Despite that, she is asking for forgiveness from all parties involved, including from Kamiyah.

"I never meant to hurt you, I never meant to hurt you. I just love that child so and I never meant to hurt you, I never meant to cause you any harm, any pain, any of that. And I’m sorry, and I hope that you can find it in your heart to forgive me. I tried to love you the best way I could, the only way I could. I tried to nurture you, but nothing can take away what I took from you. Nothing can replace that. I will always love you, always. And the joy that you brought me, I thank God the world can’t take it away from me. But you're not mine. Your mother and father are sitting right here,” Williams says.

And to Kamiyah’s biological parents- Shanara Mobley and Craig Aiken- she apologized as well.

“I pray every day, every day for the good Lord to renew your hearts, renew your minds, and to heal your hearts, and to give you the peace and joy that comes from knowing His word. I can’t explain where I was back then 20 years ago, I know I wronged you, and I’m so sorry and so many days, so many days, so many days, so many days I just wanted to pick that child up and say, ‘C’mon, let’s get in this car and go’, I just couldn't. I couldn’t. When I left Jacksonville, I didn't look back, I didn't know what you went through,” she says.

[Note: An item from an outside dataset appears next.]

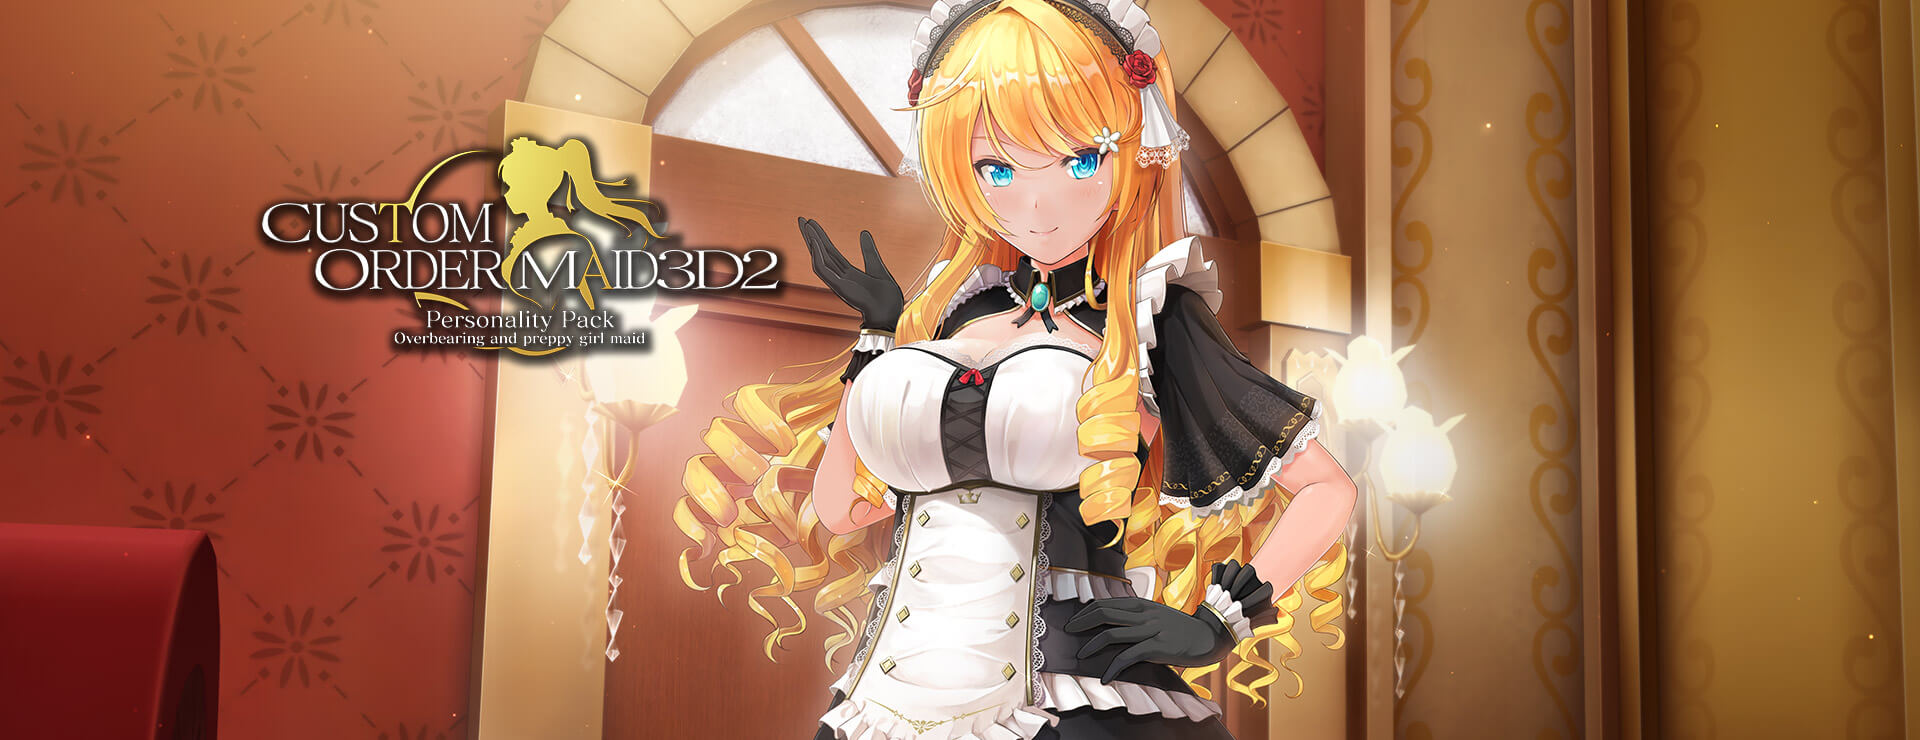 Custom Order Maid 3D2: Overbearing and Preppy Girl Maid DLC - Simulation Game

Williams is facing up to 22 years in prison, after pleading guilty earlier this year to kidnapping and custody interference of the child. She says, if she’s allowed to return to society, she wants to help young girls who are in abusive relationships. She intends to return to South Carolina to live with her husband, who supports her.

The prosecutor asked Williams what penalty she thinks she deserves for what she did. She said she knows she needs to be punished for her crimes, but isn’t able to say what that should look like. Instead, she says she will abide by whatever the judge decides.

The judge is taking everything under consideration, and will impose a sentence for Williams on June 8th.